Abstract

The traditional method of sensitive data identification for data stream has a large amount of calculation and does not reflect the impact of time on the data value, and the mining accuracy is not high. In view of the above problems we firstly adopt the sliding window mechanism to divide the data flow according to time and delay the dataset according to the characteristics of the data flow in the sliding window to achieve the purpose of saving time and space. At the same time, threshold sensitivity analysis is used to find out the optimal threshold. Finally, a K-anonymous algorithm based on dynamic rounding function is employed to achieve the protection of sensitive data. Theoretical analysis and experimental results show that the algorithm can effectively mine the sensitive data in the data stream and can effectively protect the sensitive data.

1. Introduction

With the rapid development of network technology, Internet platforms such as search engines, social networks, and e-commerce have generated a large amount of data when it is convenient for users.

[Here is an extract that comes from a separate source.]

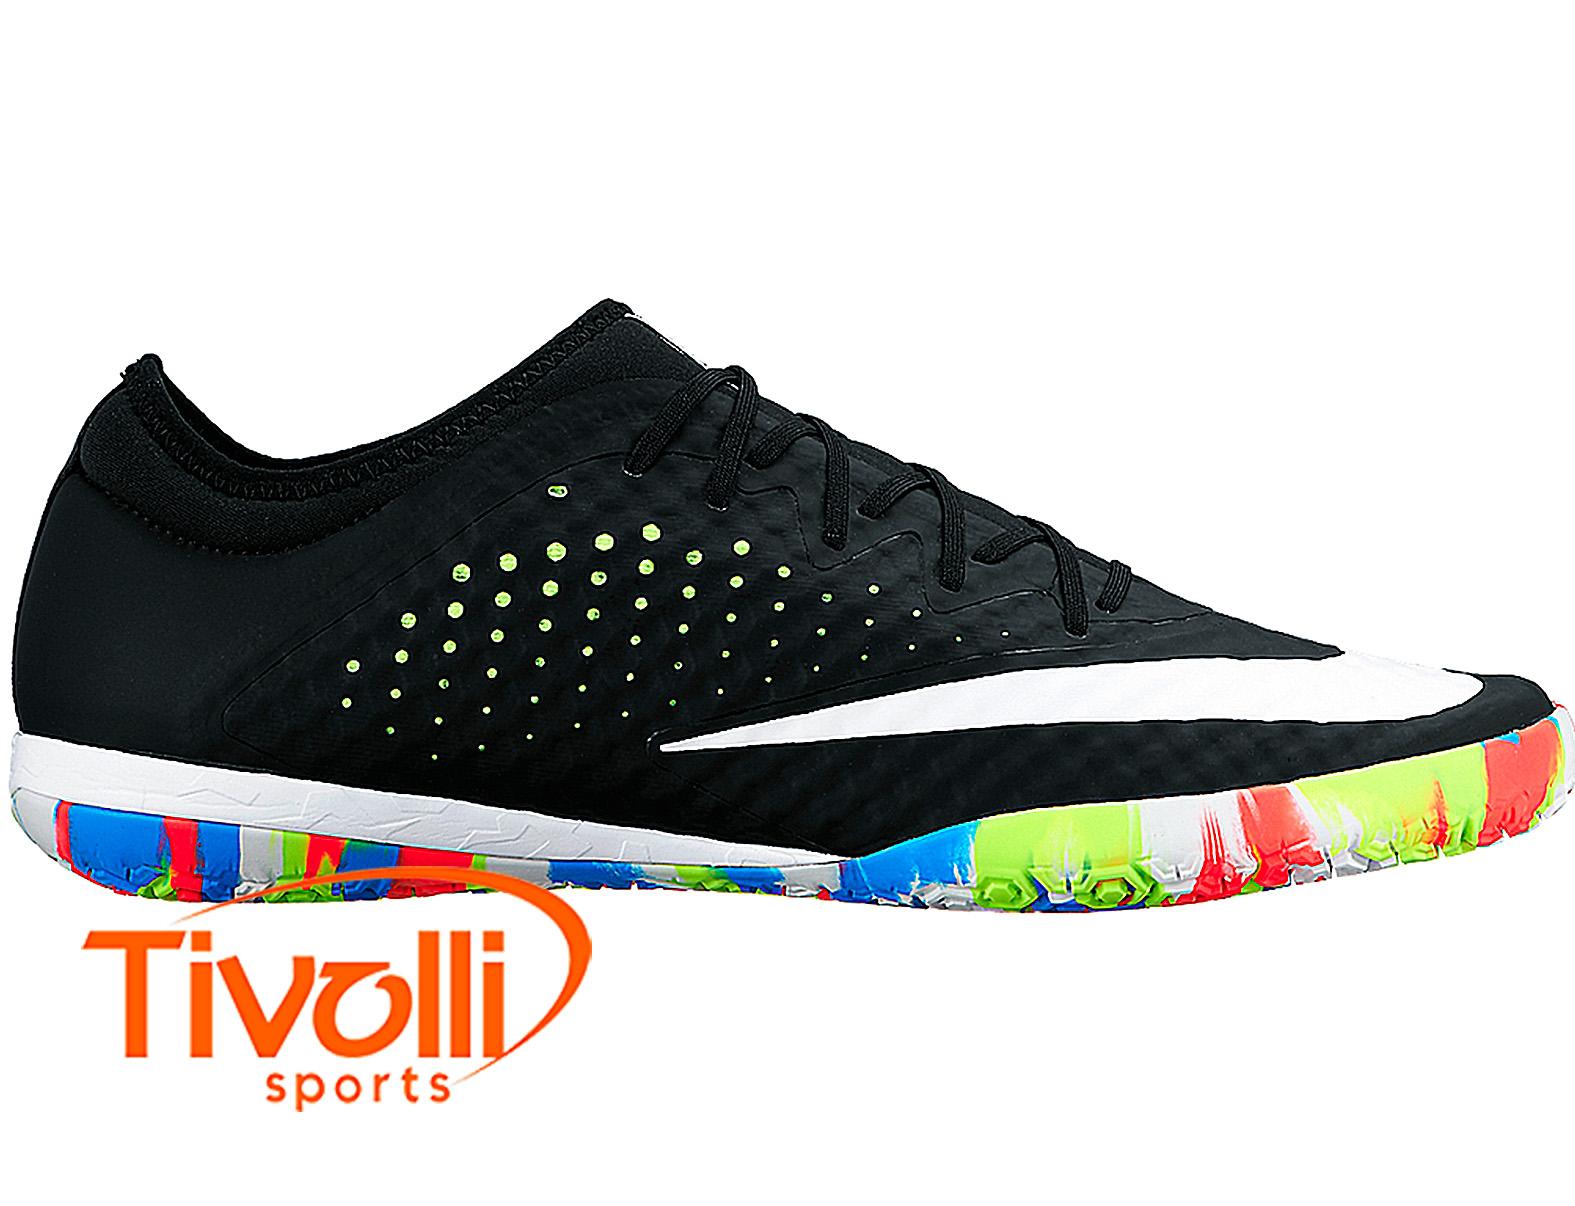 46d0d45a4f Chuteira Nike MercurialX Finale Street futsal salão preta e branca solado  colorido

Now it is entering the era of big data where data is explosively growing. People are paying more and more attention to the protection of personal information, and data has become the most valuable thing at the moment. This has led to the mining and protection of sensitive information, that is, through the mining of super large amounts of data to obtain important information of users. However, mining sensitive data can also lead to privacy leakage. Therefore, many researchers began to focus on sensitive data mining and protection.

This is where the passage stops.